FDA approves Praluent for heart attack and stroke prevention

The FDA has approved Praluent (alirocumab), from Regeneron, to reduce the risk of heart attack, stroke, and unstable angina requiring hospitalization in adults with established cardiovascular (CV) disease. The FDA approval is based on data from ODYSSEY OUTCOMES, which was published in the New England Journal of Medicine in November 2018, assessing the effect of adding Praluent to maximally-tolerated statins on CV outcomes in 18,924 patients who had an acute coronary syndrome (ACS) within a year of enrolling in the trial. Patients who received Praluent in the trial experienced a 15% reduced risk for major CV events. The primary endpoint included time to first heart attack, stroke, death from coronary heart disease (CHD), or unstable angina requiring hospitalization (HR 0.85; 95% CI, 0.78 to 0.93; p=0.0003). In addition is showed a 27% reduced risk of stroke, 14% reduced risk of non-fatal heart attack and 39% reduced risk of unstable angina requiring hospitalization, and a 15% reduced risk of death from any cause (also called all-cause mortality; HR 0.85; 95% CI, 0.73 to 0.98; nominal p=0.026) was also observed.

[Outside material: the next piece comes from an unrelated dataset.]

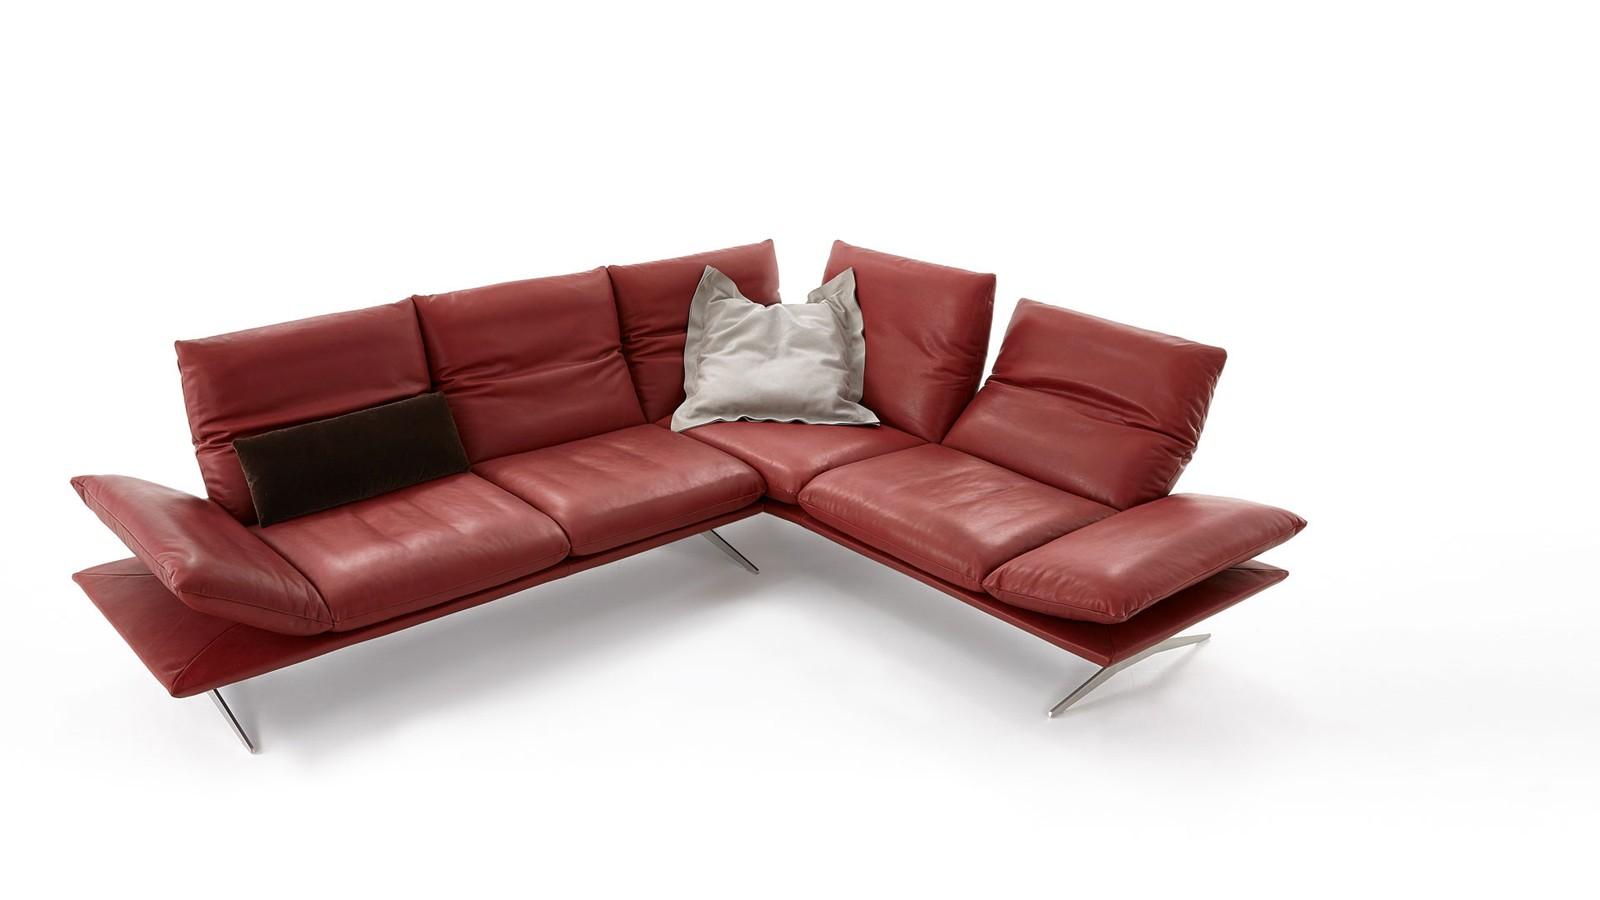 Canapea modernă Koinor Francis

Adverse events were similar between the Praluent and placebo groups, except for injection site reactions (Praluent 3.8%, placebo 2.1%). In ODYSSEY OUTCOMES, the adverse events that occurred in more than 5% of patients included: non-cardiac chest pain (7.0% Praluent, 6.8% placebo), nasopharyngitis (6.0% Praluent, 5.6% placebo) and myalgia (5.6% Praluent, 5.3% placebo).

Comment: Praluent was the first PCSK9 (proprotein convertase subtilisin/kexin type 9) inhibitor approved by the FDA and is the only PCSK9 inhibitor available in two doses with two levels of efficacy as a single 1 mL injection (75 mg and 150 mg) once every two weeks. It can also be administered as 300 mg once every four weeks (monthly), enabling physicians to tailor treatment based on an individual patient's LDL-C-lowering needs.